## Activity
Could you return, exactly as written, every line from the one containing "2 G55 F1 1917" through the last line of the entries below, leaving out the pictures?

## Dataset excerpts

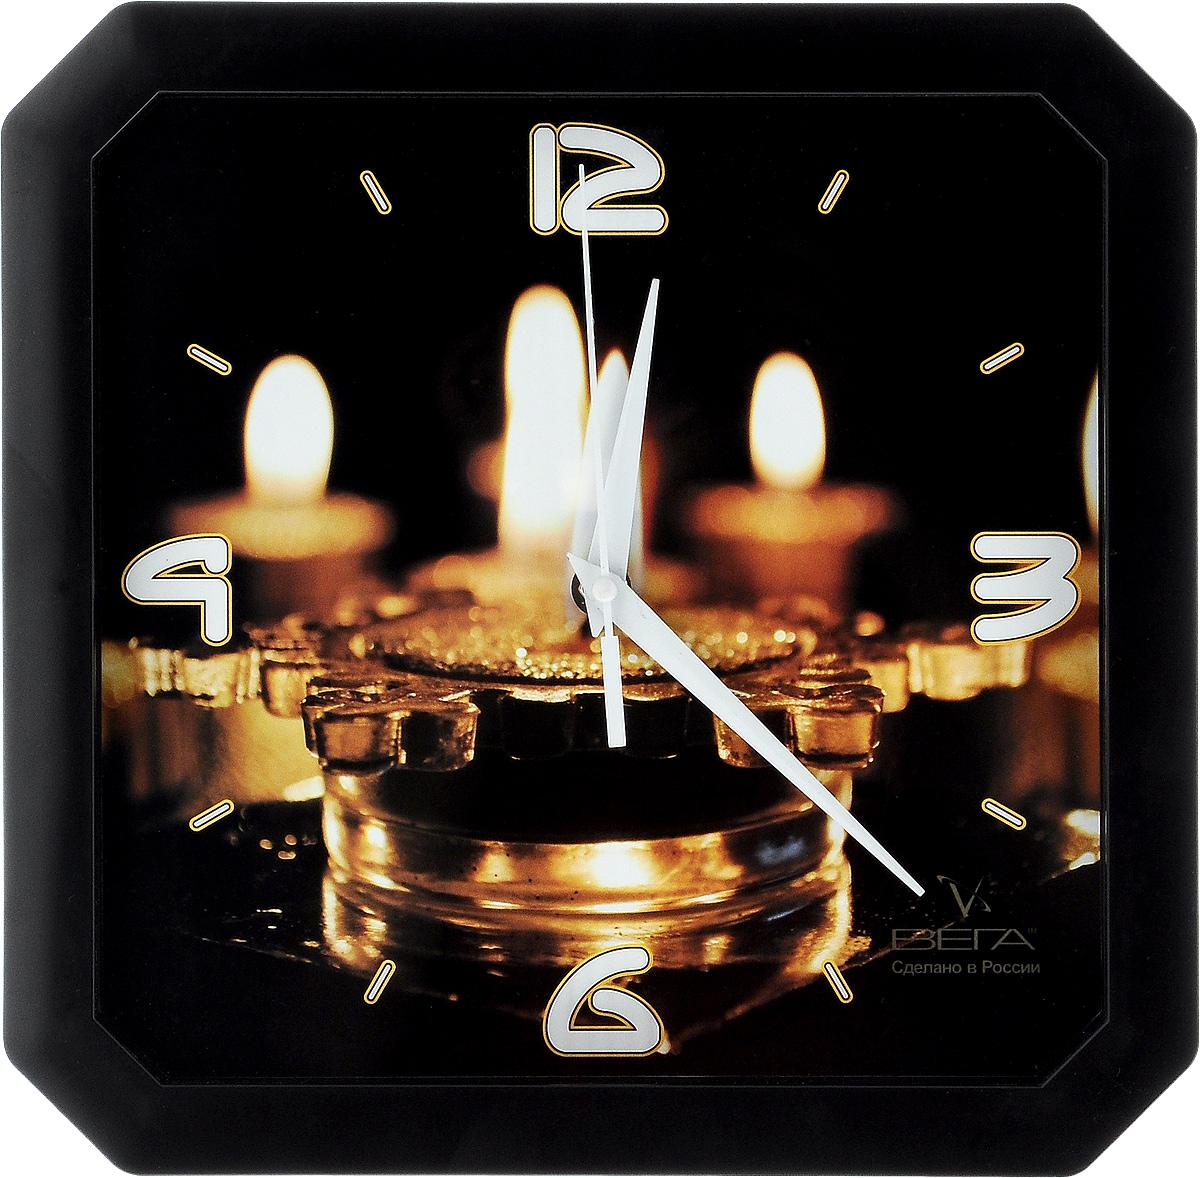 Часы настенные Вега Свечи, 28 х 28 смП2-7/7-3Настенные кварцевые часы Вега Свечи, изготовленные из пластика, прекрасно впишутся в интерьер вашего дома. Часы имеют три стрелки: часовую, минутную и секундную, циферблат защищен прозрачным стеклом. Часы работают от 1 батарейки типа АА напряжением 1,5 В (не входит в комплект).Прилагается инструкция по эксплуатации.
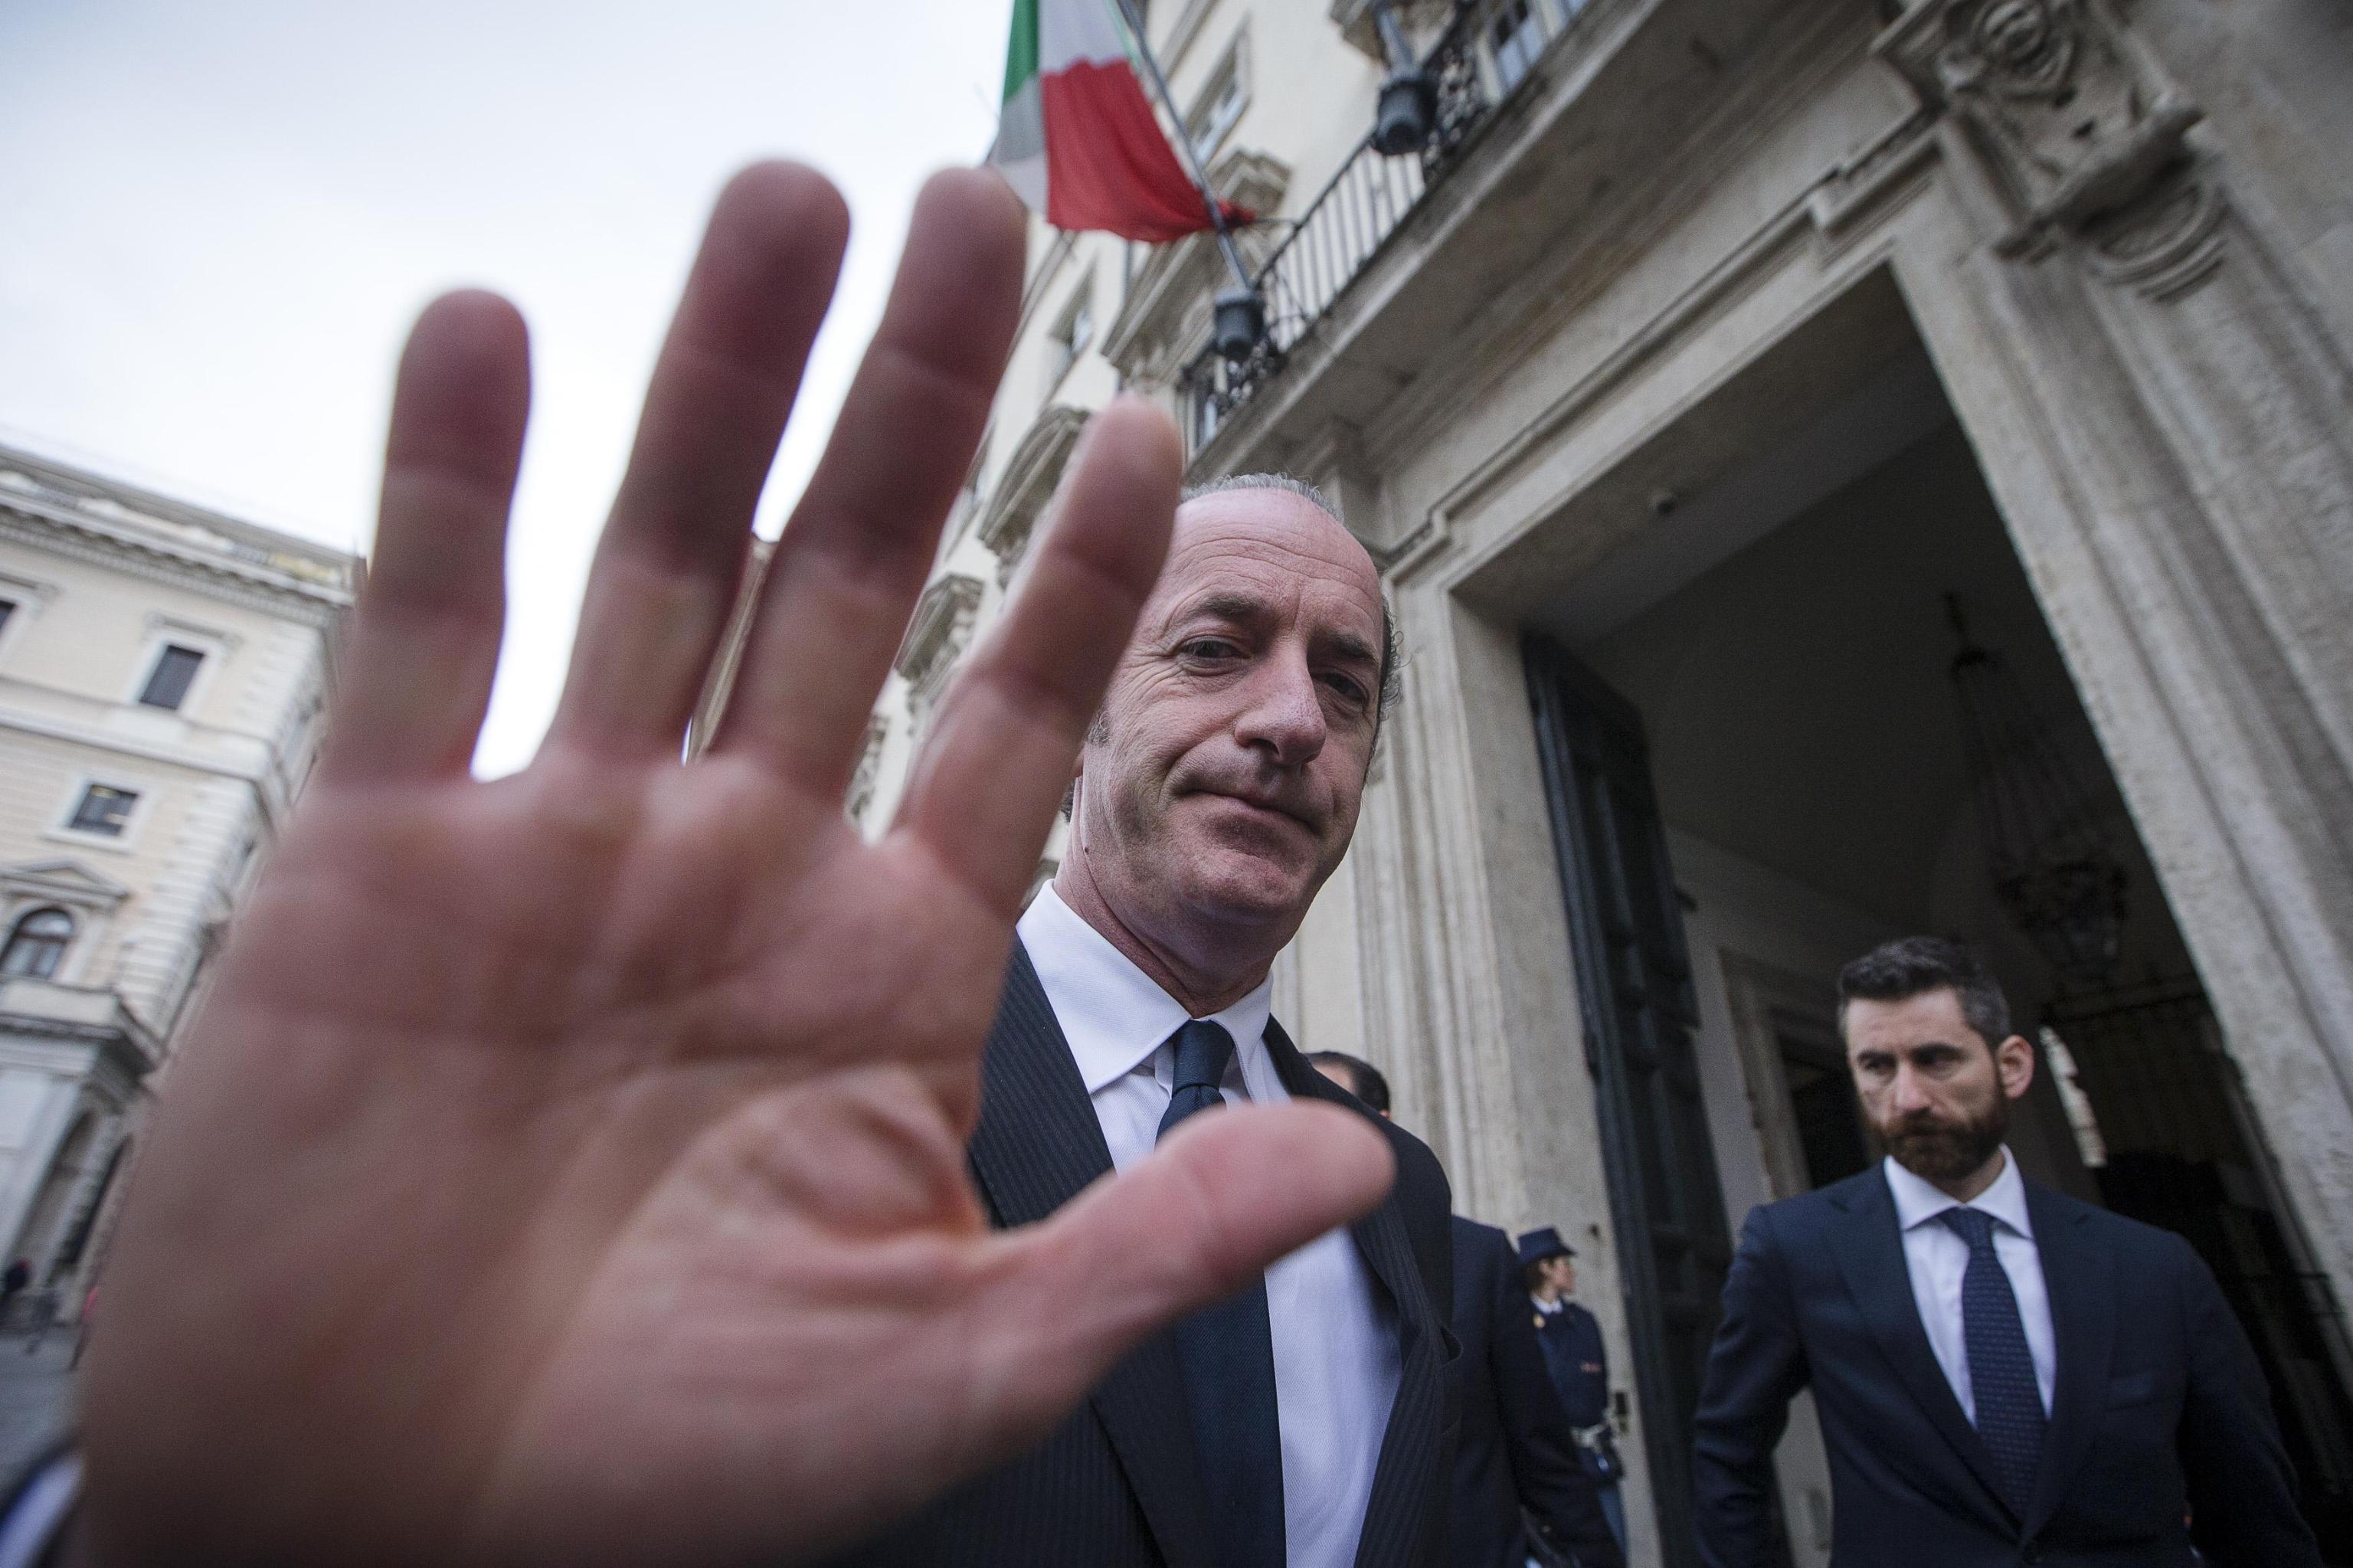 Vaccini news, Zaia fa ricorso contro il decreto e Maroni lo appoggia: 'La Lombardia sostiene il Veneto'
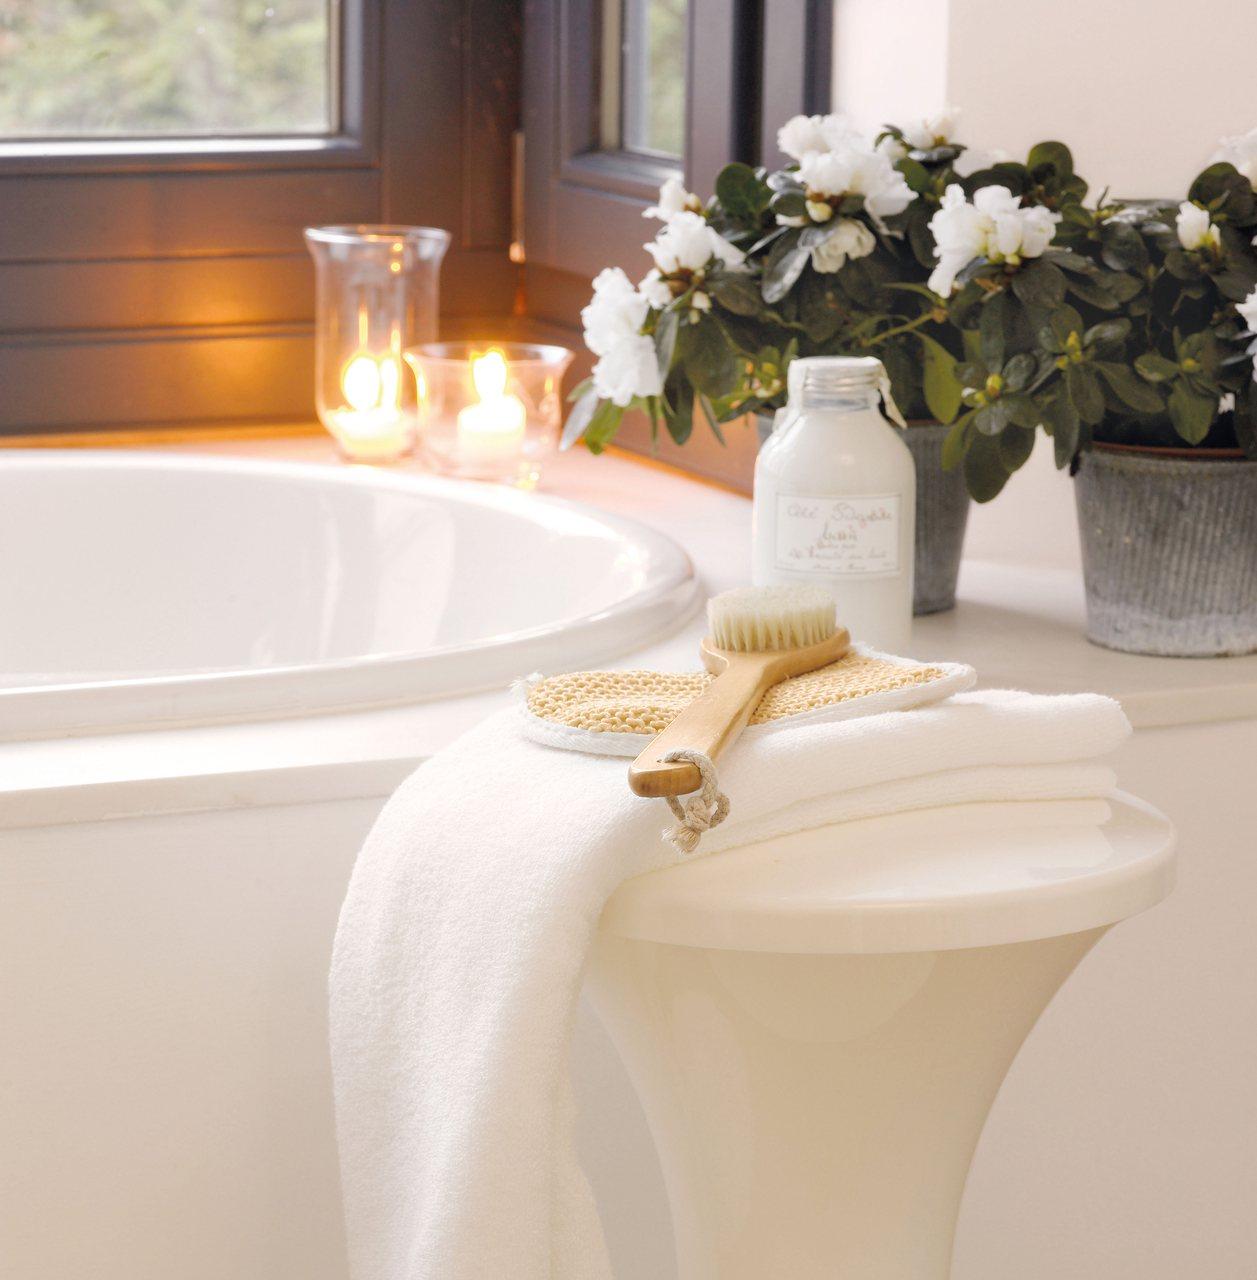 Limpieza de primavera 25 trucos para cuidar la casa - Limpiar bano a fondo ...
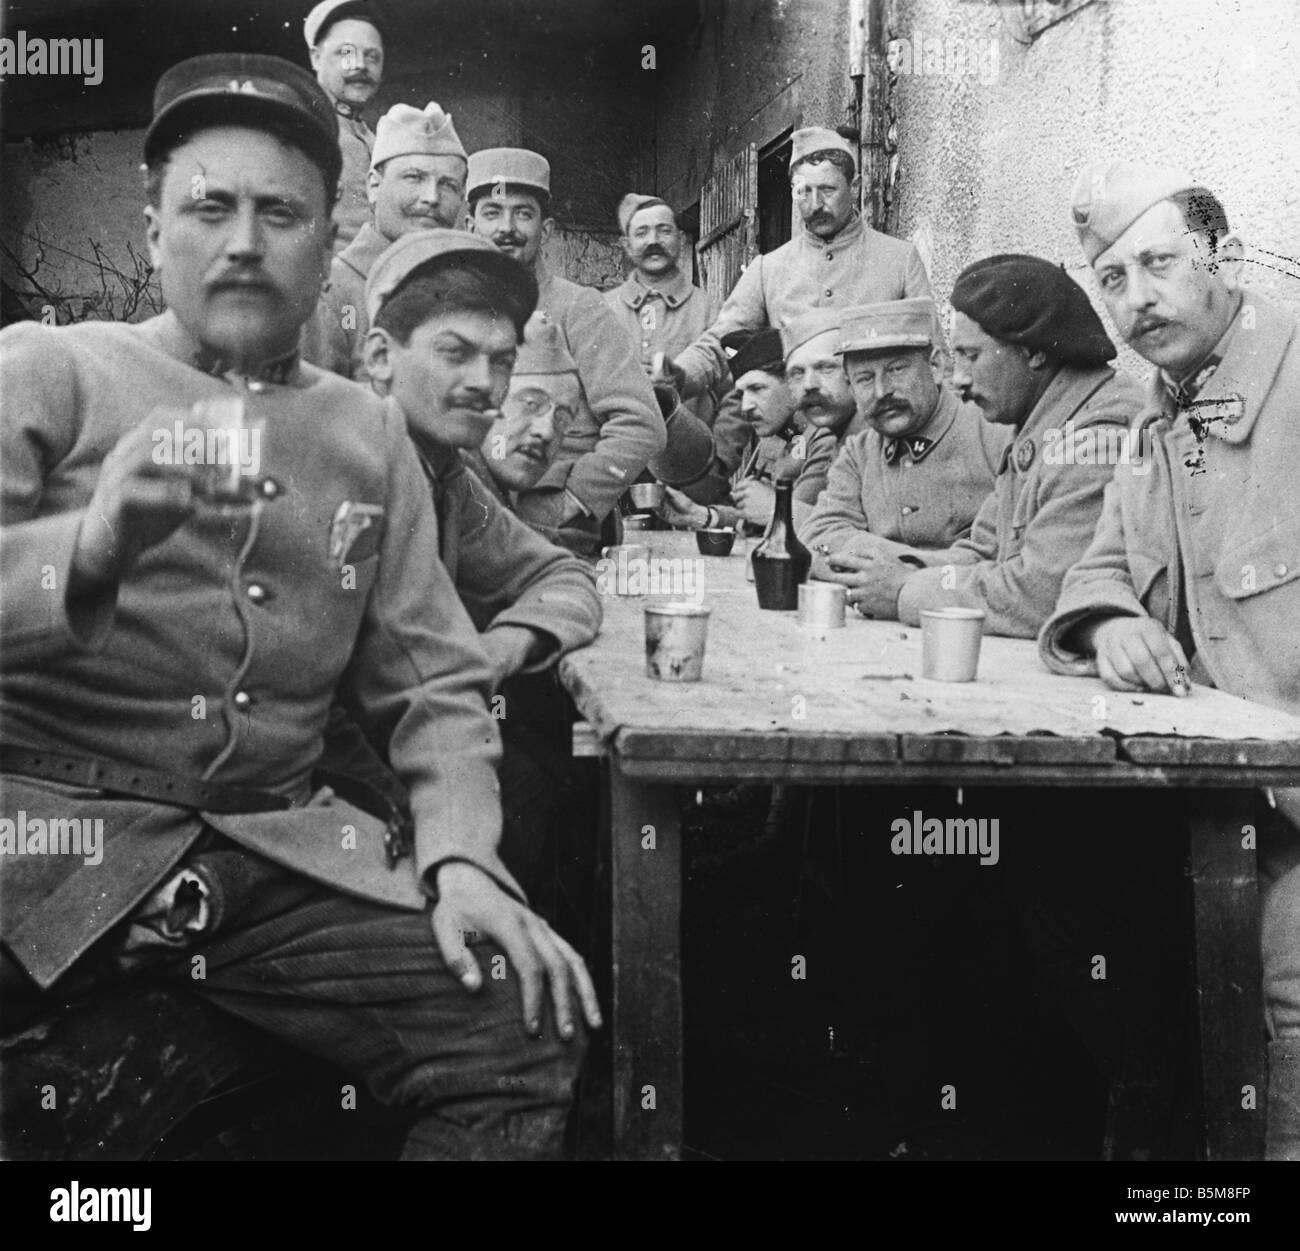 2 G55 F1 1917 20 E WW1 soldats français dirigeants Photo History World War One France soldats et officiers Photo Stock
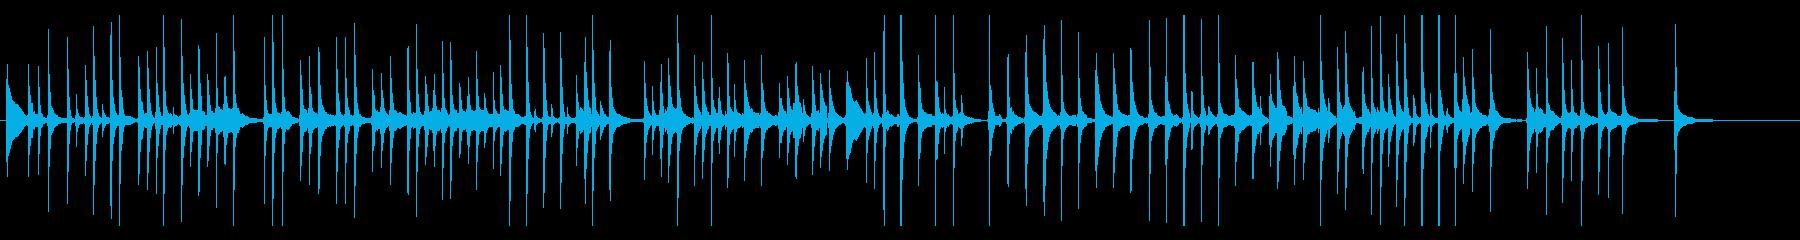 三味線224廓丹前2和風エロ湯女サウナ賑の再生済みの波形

## Worked solution
 2 G55 F1 1917 20 E WW1 soldats français dirigeants Photo History World War One France soldats et officiers Photo Stock
 三味線224廓丹前2和風エロ湯女サウナ賑の再生済みの波形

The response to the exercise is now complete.